L'enquête avance au lendemain du braquage spectaculaire d'une agence bancaire de La Poste en plein centre de Roubaix (Nord). Le parquet de Lille a annoncé, jeudi 13 novembre, l'interpellation de six personnes. Elles sont "susceptibles d’être mises en cause pour les faits de 'vol en bande organisée', 'association de malfaiteurs en vue de la préparation d'un crime' et 'destruction de biens par moyens explosifs en bande organisée'", précise-t-il, ajoutant que "des perquisitions positives ont été réalisées la nuit dernière".

La Poste affirme qu'elle n'a subi "aucun préjudice financier" : le sac dont se sont emparé les auteurs du braquage, visible sur des images prises par un témoin de la scène, ne contenait pas d'argent, mais simplement... d'autres sacs vides, a précisé une porte-parole du groupe dans les Hauts-de-France.
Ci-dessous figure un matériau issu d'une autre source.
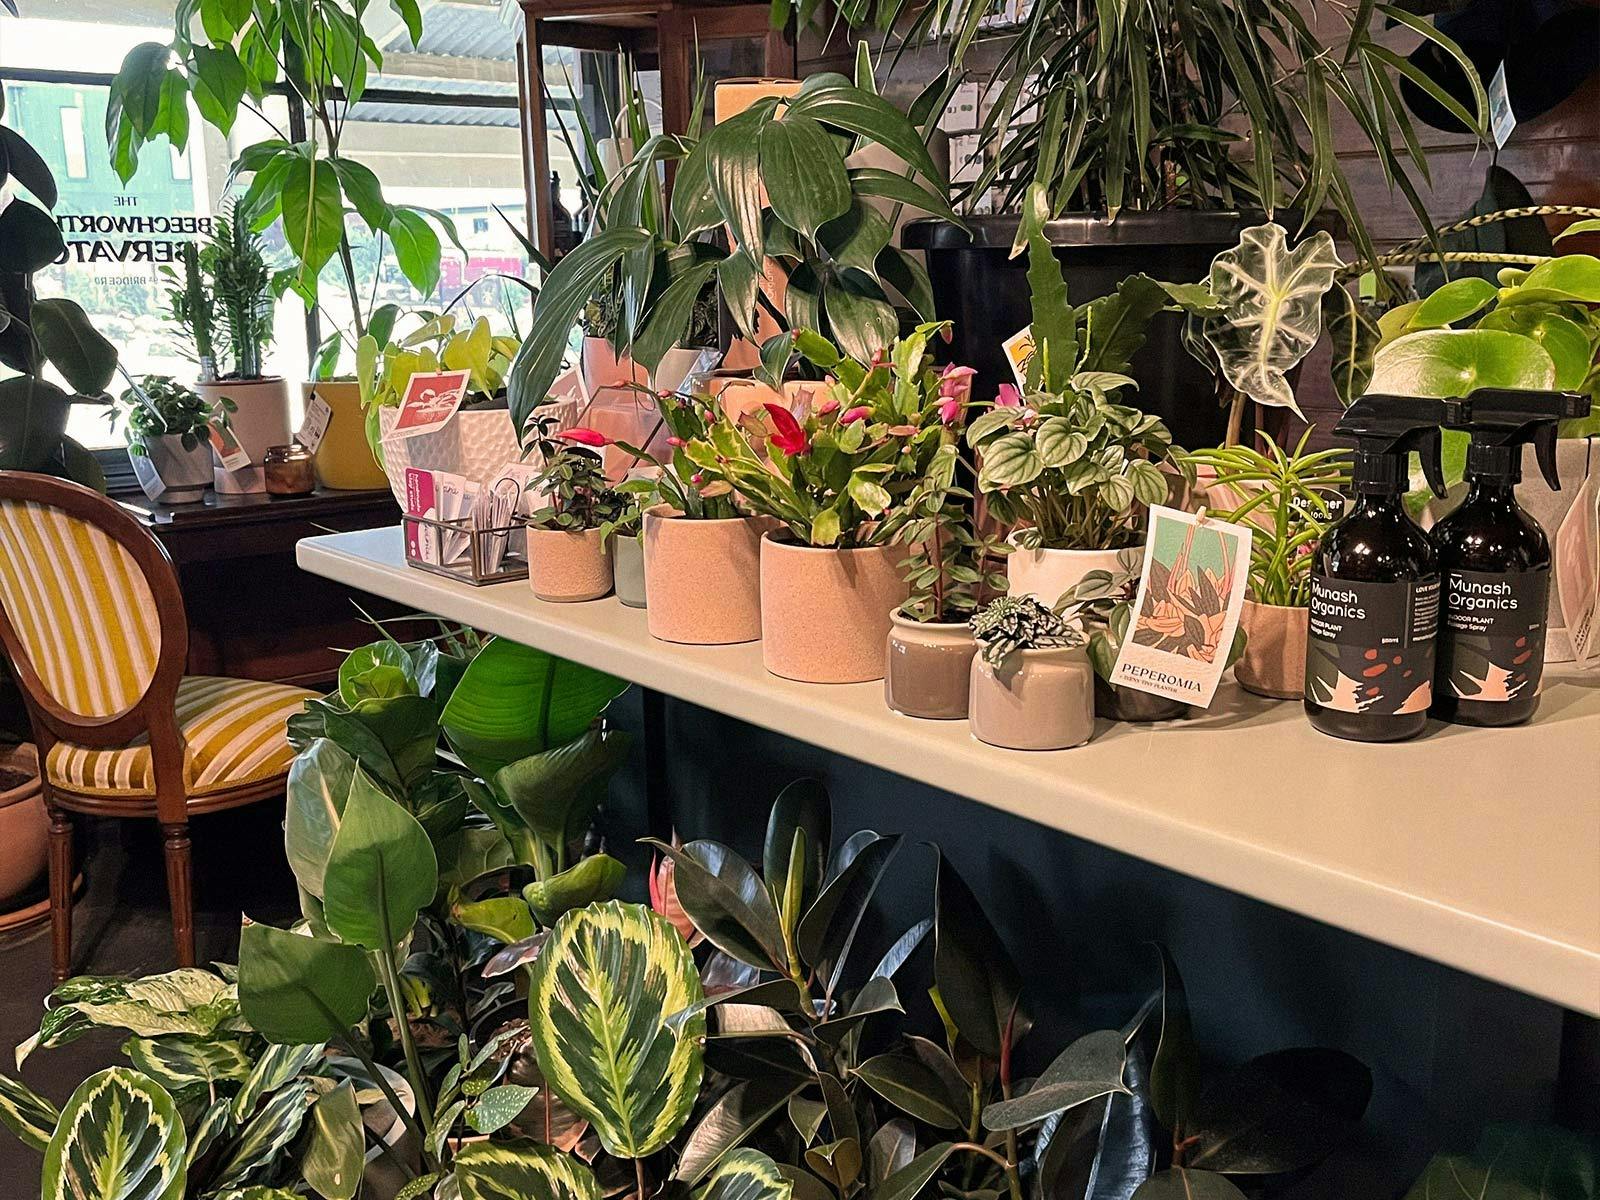 Munash Organics Indoor plants pots

Des images montrent un homme cagoulé, capuche sur la tête et vêtu d'un gilet jaune, se diriger vers les distributeurs de billets, aidé de deux autres hommes, cagoulés eux aussi, puis poser une charge explosive avec de l'adhésif sur un des coffres dans lesquels les convoyeurs déposent les fonds. La détonation, vers 8h30, a été entendue à plusieurs kilomètres à la ronde, et mais a causé d'importants dégâts sur la façade de l'établissement et brisé des vitrines alentour.

Christophe Lesne, un témoin de la scène, explique à l'AFP avoir pris les trois personnes pour "des techniciens", car ils portaient des gilets fluorescents et étaient en train de "bricoler", et avoir pensé "qu'ils allumaient un chalumeau". Après l'explosion, il les a vus repartir "avec un sac ou deux (...) en voiture".